Social media message with sentiment label (positive, neutral, negative, question). Released to public domain.
Last update: 2019-02-19 19:20
- Language:
- Thai, virtually all of them are in Central Thai.
- Mostly informal and conversational. Some news headlines and annoucements maybe more formal, but they are minority in the corpus.
- Time period:
- Mostly around 2016 to very early 2019. There are also small amount of messages from other period.
- Domains:
- Messages are mostly from consumer product and service social media accounts, including messages that interact with those accounts. Other messages may includes ones from related websites/blogs and from keyword search on social media platform.

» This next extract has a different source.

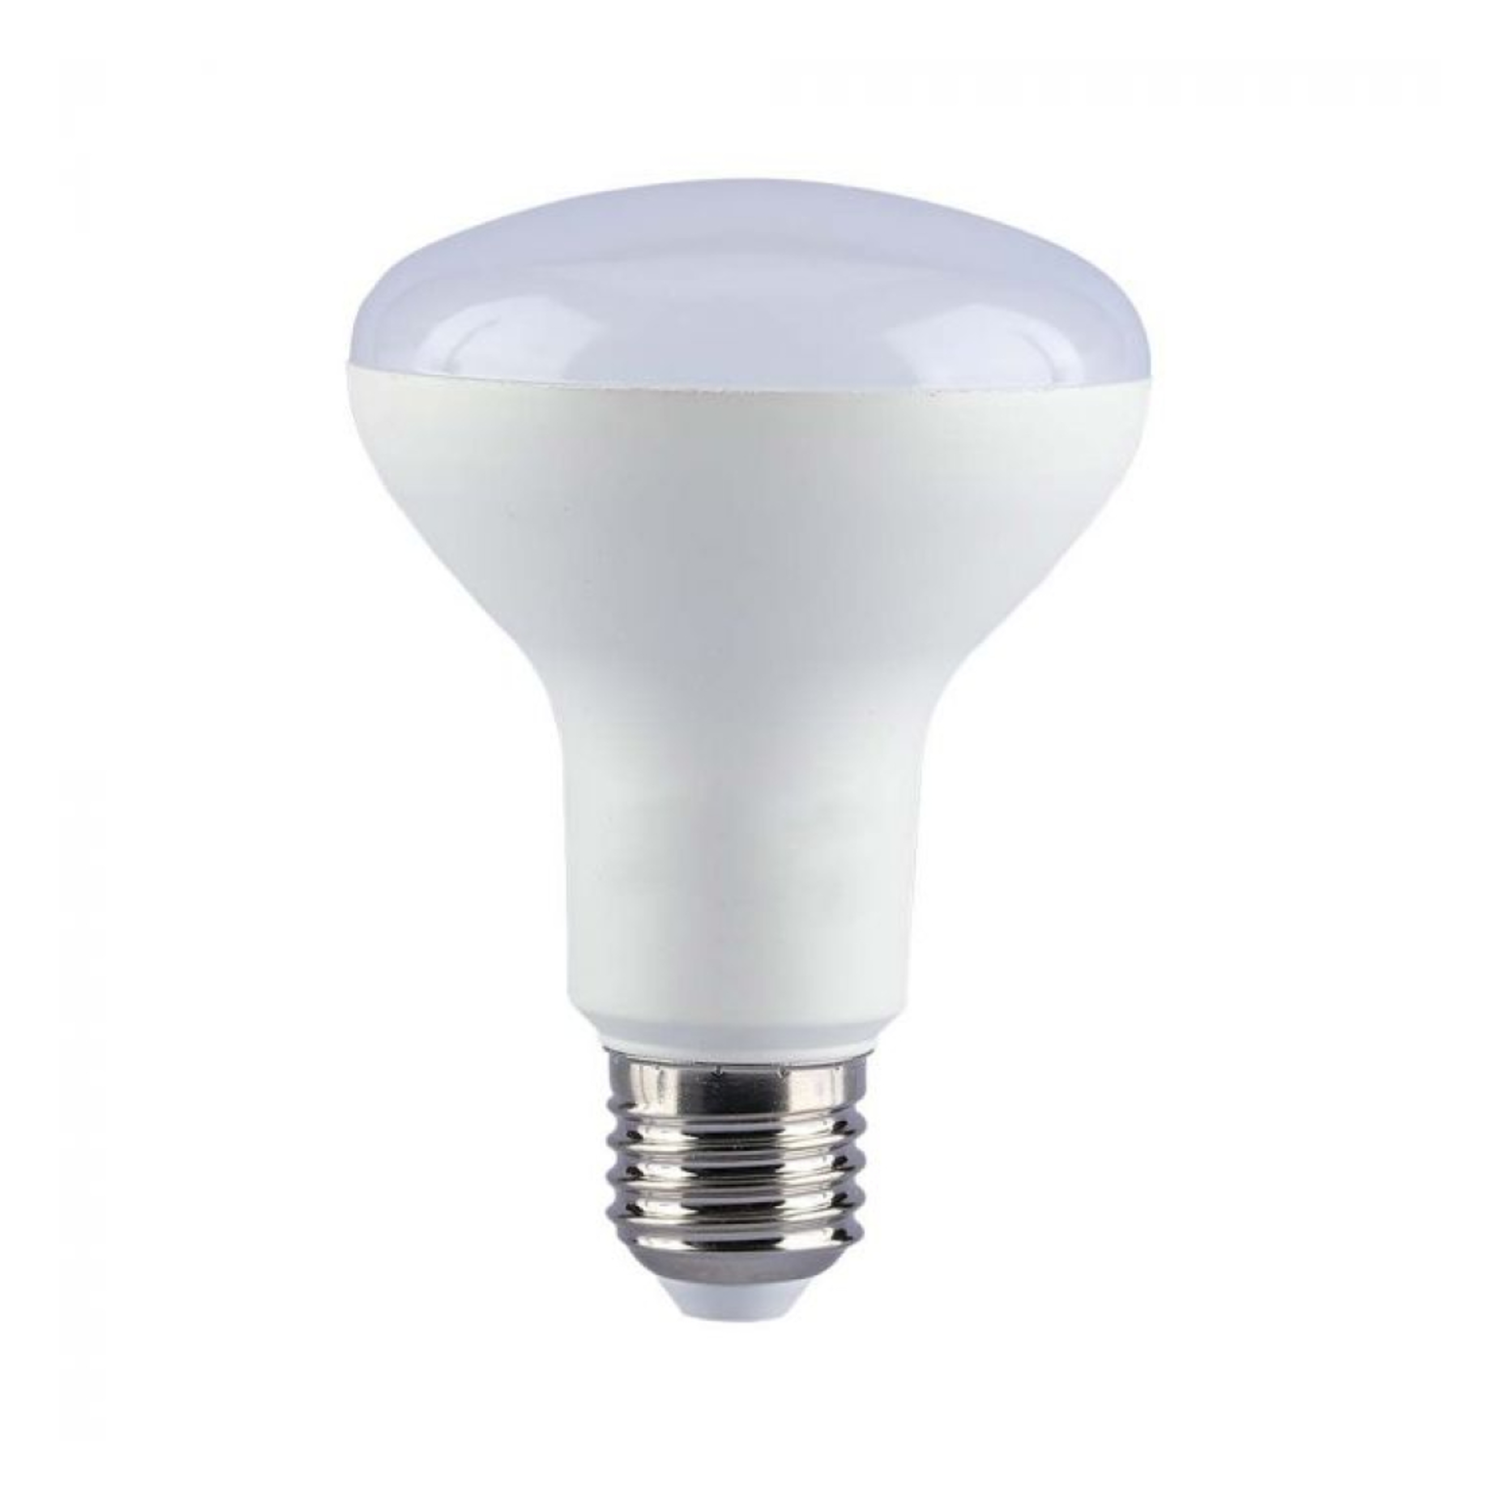 immagine del prodotto lampadina led spot R80

- Large amount of messages are about franchise restaurant, cosmetics, alcoholic drink, music festival/concert, and car. There are also small amount of messages about politics and current affairs, including news headlines.
- Public messages only:
- This corpus includes only "public messages" accessible by social media platform API.
- For Facebook, this means the public comments (everyone can see) that made on a public page.
- Private/protected messages and messages in groups, chat, and inbox are not included.
- Alternations and modifications:
- Large amount of messages are not in their original form, for example, personal data are removed or masked.
- Duplicated, leading, and trailing whitespaces are removed. Other punctuations, symbols, and emojis are kept intact.
- (Mis)spellings are kept intact.
- Messages longer than 2,000 characters are removed.
- Long non-Thai messages are removed. Duplicated message (exact match) are removed. -- Keep this in mind if you're going to use this corpus statistically, as it does not quantitatively represent anything in the language register.
The files are stored in wisesight-sentiment.zip
in the same format as in the competition WISESIGHT Sentiment Analysis:
train.txt
- The training data. Each line is a piece of text.train_label.txt
- The label of the training data. Each line is the label corresponding to the same line in train.txt.test.txt
- The test data. Each line is a piece of text.
Other details include:
- All files are UTF-8 encoded plaintext
- One message per line
- For a message with multiple lines, a newline character will be replaced with a space - so it will come one line
- Messages with positive sentiment value (~4,500 messages)
- Messages with neutral sentiment value (~16,000)
- Messages with negative sentiment value (~6,600)
- Messages with questions (~500)
- A small portion (~200) of the messages have multiple labels (duplicate entries).
- Sentiment values are assigned by human annotators.
- A human annotator put his/her best effort to assign just one label, out of three, to a message.
- A message can be ambiguous. When possible, the judgement will be based solely on the text itself.
- In some situation, like when the context is missing, the annotator may have to rely on his/her own world knowledge and just guess.
- In some cases, the human annotator may have an access to the message's context, like an image. These additional information are not included as part of this corpus.
- Agreement, enjoyment, and satisfaction are positive. Disagreement, sadness, and disappointment are negative.
- Showing interest in a topic or in a product is counted as positive.
- In this sense, a question about a particular product could has a positive sentiment value, if it shows the interest in the product.
- Saying that other product or service is better is counted as negative.
- General information or news title tend to be counted as neutral.
pyThaiNLP uses this dataset as part of its text classification benchmark. We use the same performance metric as WISESIGHT Sentiment Analysis competition which is accuracy.
Disclaimer Note that the labels are obtained manually and are prone to errors so if you are planning to apply the models in the benchmark for real-world applications, be sure to benchmark it with your own dataset.
Model | Public Accuracy | Private Accuracy |
---|---|---|
Logistic Regression | 0.72781 | 0.7499 |
FastText | 0.63144 | 0.6131 |
ULMFit | 0.71259 | 0.74194 |
ULMFit Semi-supervised | 0.73119 | 0.75859 |
ULMFit Semi-supervised Repeated One Time | 0.73372 | 0.75968 |
See classification codes in competition.ipynb
and data exploration in exploration.ipynb
We trying to exclude personally identifiable information from this data set.
- Usernames and non-public figure names are removed
- Phone numbers are masked (e.g. 088-888-8888, 09-9999-9999, 0-2222-2222)
If you see any personal data still remain in the set, please tell us - so we can remove them.
- If applicable, copyright of each message content belongs to the original poster.
- Annotation data (labels) are released to public domain.
- Wisesight (Thailand) Co., Ltd. helps facilitate the annotation, but does not necessarily agree upon the labels made by the human annotators. This annotation is for research purpose and does not reflect the professional work that Wisesight has been done for its customers.
- The human annotator does not necessarily agree or disagree with the message. Likewise, the label he/she made to the message does not necessarily reflect his/her personal view towards the message.
Thanks PyThaiNLP community, Kitsuchart Pasupa (Faculty of Information Technology, King Mongkut's Institute of Technology Ladkrabang), and Ekapol Chuangsuwanich (Faculty of Engineering, Chulalongkorn University) for advice.